Die Lebensmittel-Importe aus Südamerika würden nach der (noch ausstehenden) Zustimmung durch das Europäische Parlament deutlich zunehmen. "Doch weder unsere Umwelt noch unsere Landwirtschaft dürfen am Altar des Freihandels geopfert werden", sagt Theissing-Matei.

Europas Landwirte "zahlen drauf"

Auch Thomas Waitz (EU-Grüne) kritisiert das Abkommen: "Der toxische Deal wird den europäischen Landwirten schaden und das Höfesterben weiter antreiben. Die europäischen Landwirte zahlen für die erweiterten Absatzmärkte der europäischen Auto- und Chemieindustrie drauf", warnt Waitz.

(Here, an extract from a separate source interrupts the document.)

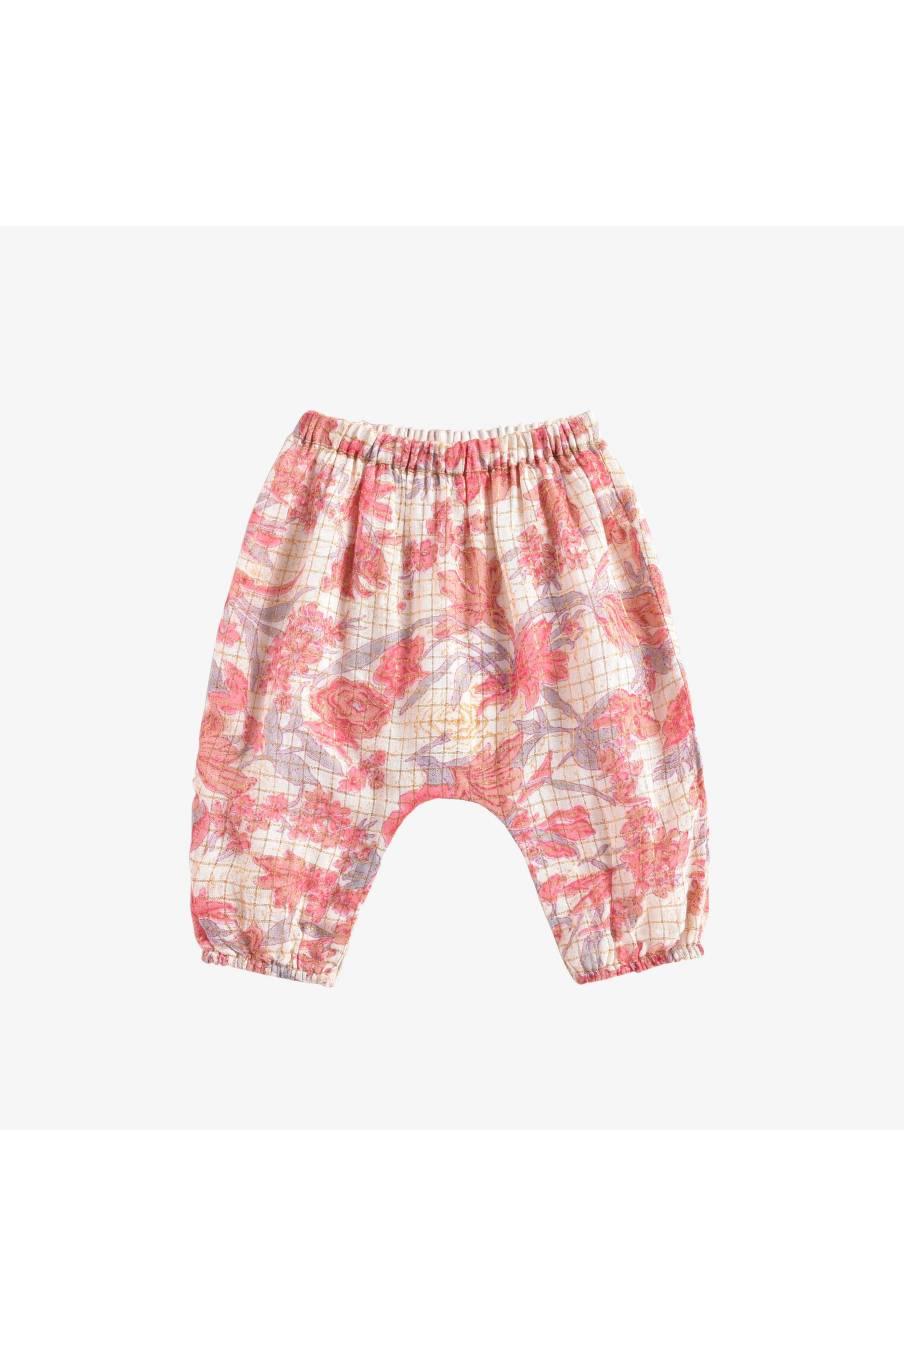 Pants Flor Pink Flowers

Handelspolitik für Pestizid- und Autokonzerne

"Österreichs Regierung steht dabei mit ihrem Nein ökonomisch und ökologisch auf der richtigen Seite", erklärt Theresa Kofler von der NGO Attac Österreich. "In Zeiten der Klimakrise ist eine Handelspolitik im Interesse europäischer Pestizid- und Autokonzerne sowie der südamerikanischen Fleisch- und Agrarindustrie nicht zukunftsfähig", erklärt Kofler.

Geringe wirtschaftliche Erwartungen

Selbst die Europäische Kommission rechnet mit einem nur äußerst geringen zusätzlichen
Wirtschaftswachstum von 0,05 Prozent bis 2040 durch den EU-Mercosur-Pakt.
Demgegenüber stehe die "massive zusätzliche Zerstörung von einzigartigen Lebensräumen wie dem Amazonas", vorrangig durch die Ausweitung der Rindfleischproduktion.

Schon jetzt gehen 90 Prozent der Zerstörung des Amazonas-Regenwaldes seit 1970 auf die
Rinderzucht zurück, warnt Greenpeace.

Fast ganz Südamerika mirt dabei: Die Staaten des Mercosur-Wirtschaftsverbundes
iStock

Niedrigere Umweltstandards in Südamerika

Gleichzeitig würden Bauern in Österreich in einen ruinösen Preiskampf gezwungen. Denn mit dem EU-Mercosur-Pakt würden, wie Greenpeace errechnete, künftig jährlich große zusätzliche Mengen an Agrarprodukten nach Europa gelangen:

99.000 Tonnen Rindfleisch, 180.000 Tonnen Hühnerfleisch, 190.000 Tonnen Zucker, 650.000 Tonnen aus Zuckerrohr gewonnenes Ethanol, 1.000.000 Tonnen Mais sowie 45.000 Tonnen Honig. Diese Agrarprodukte werden in Südamerika mit deutlich niedrigeren Umwelt- und Sozialstandards hergestellt als in der Europäischen Union.